[WHAT THIS TASK INVOLVES]: Only the pictures are dropped; the lines of the material that follow are returned exactly.

[EXERCISE DATA]:
----

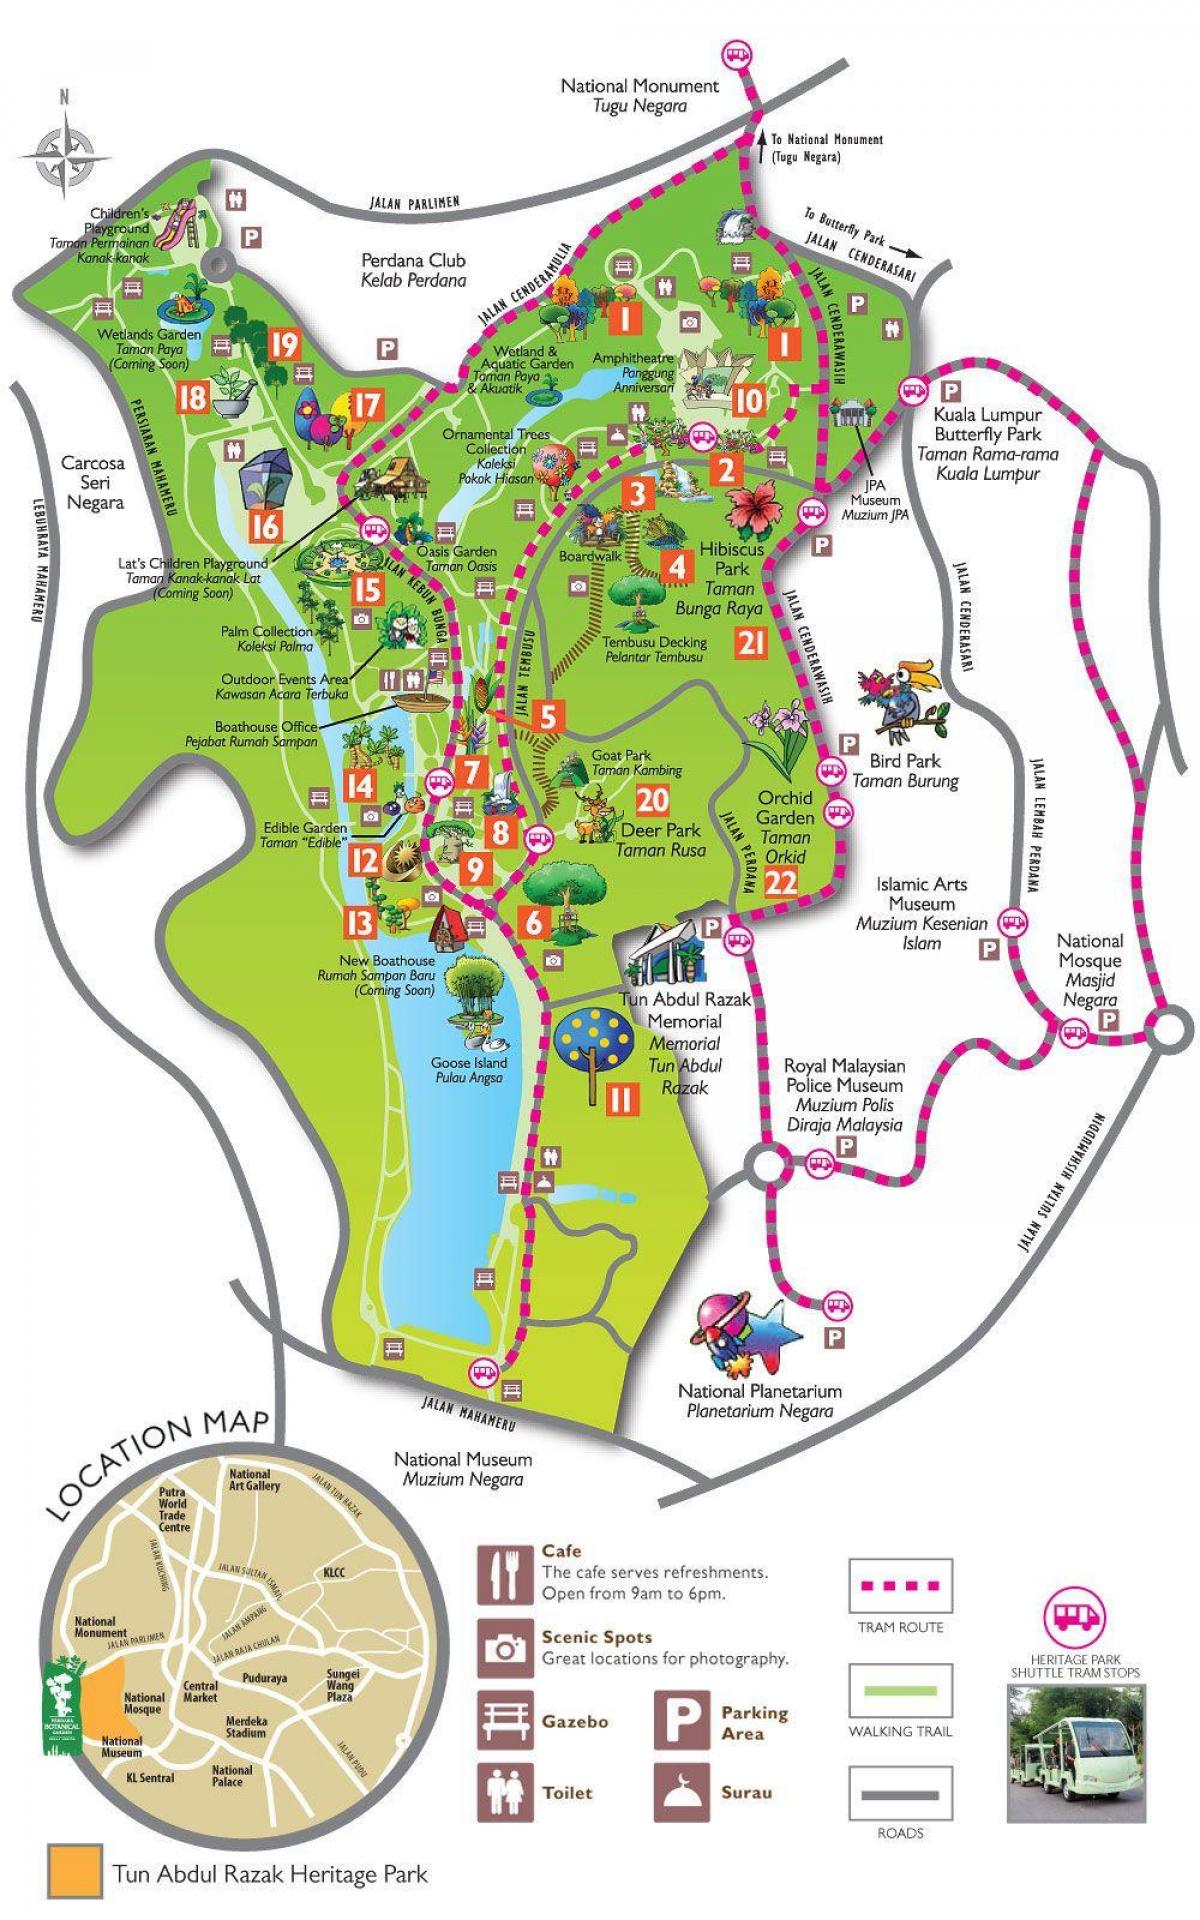 Mapa de la perdana jardí botànic
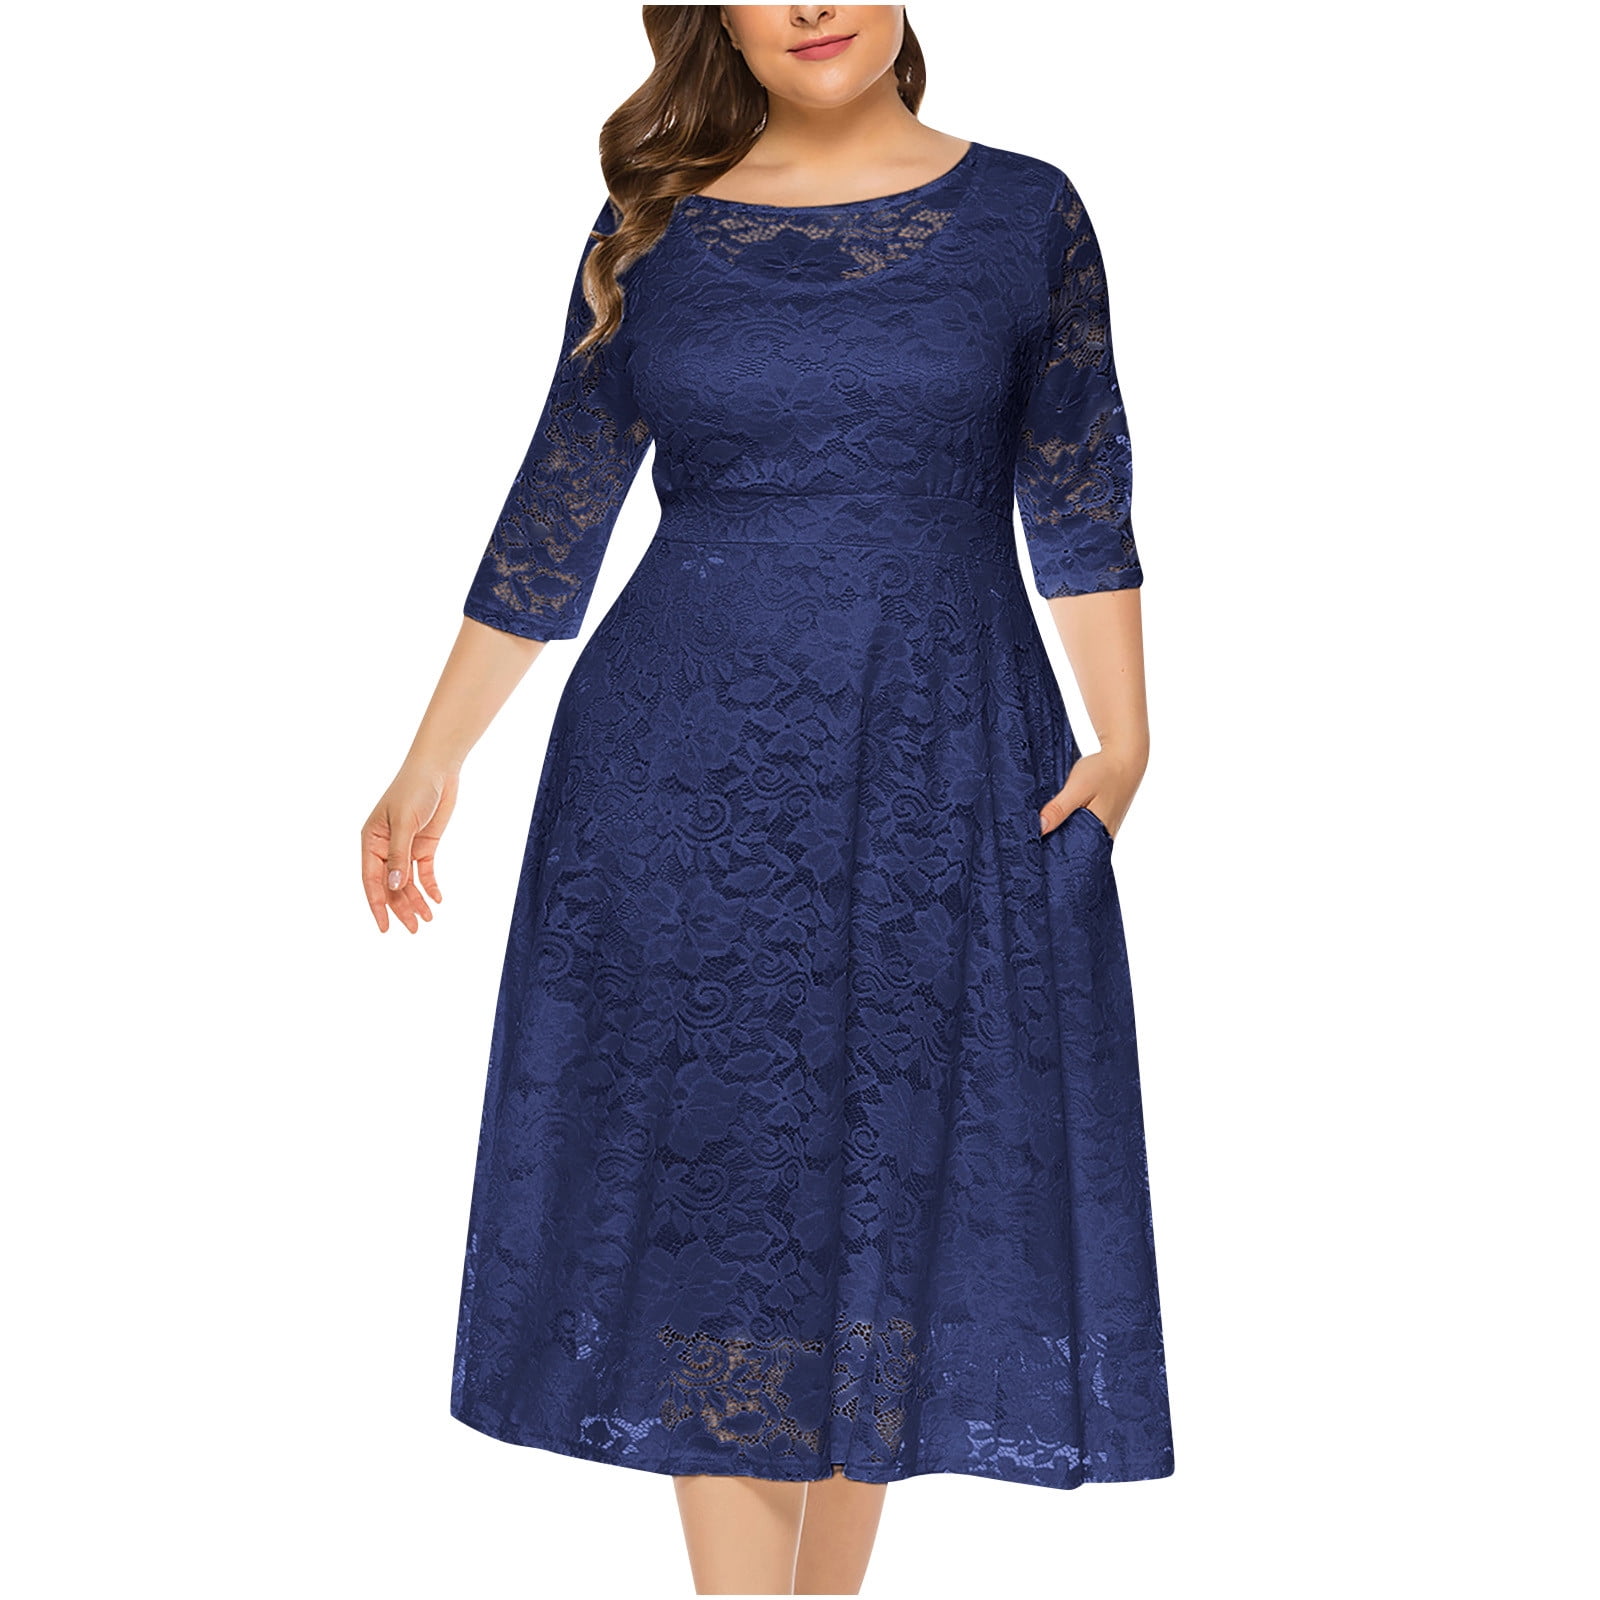 Fesfesfes Plus Size Dress for Women Mesh Lace Splicing Semi Formal ...
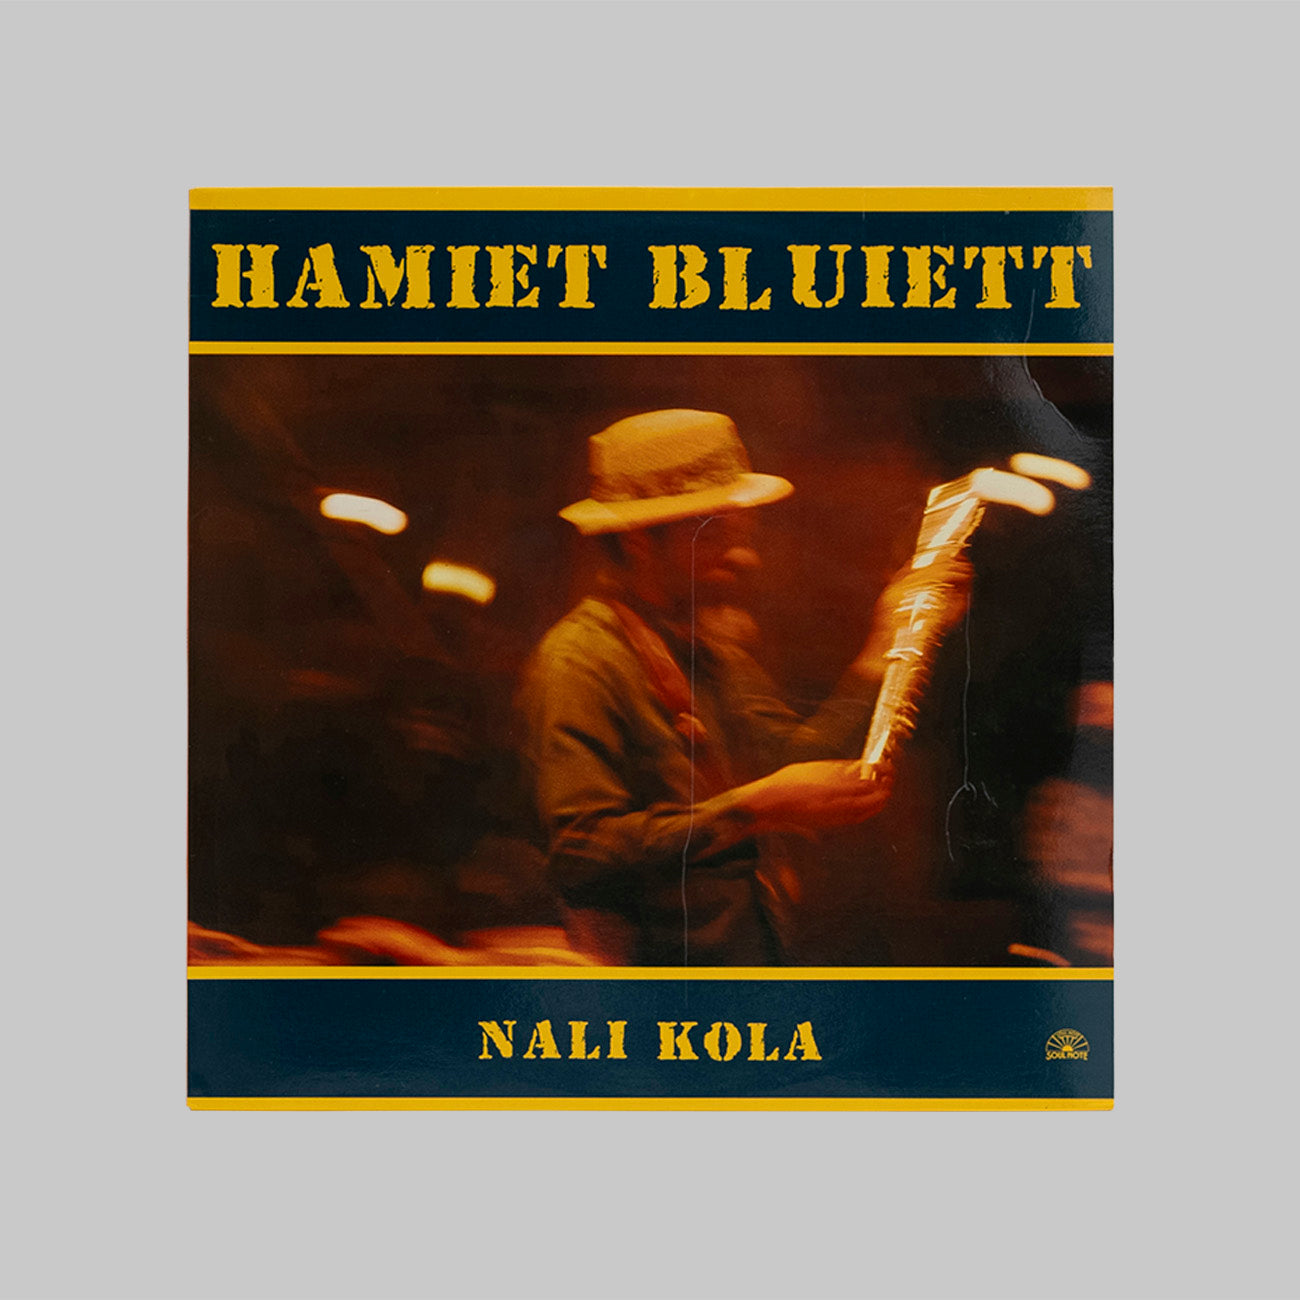 HAMIET BLUIETT / NALI KOLA

----

[TASK SOLUTION]:
 Mapa de la perdana jardí botànic
 Fesfesfes Plus Size Dress for Women Mesh Lace Splicing Semi Formal ...
 HAMIET BLUIETT / NALI KOLA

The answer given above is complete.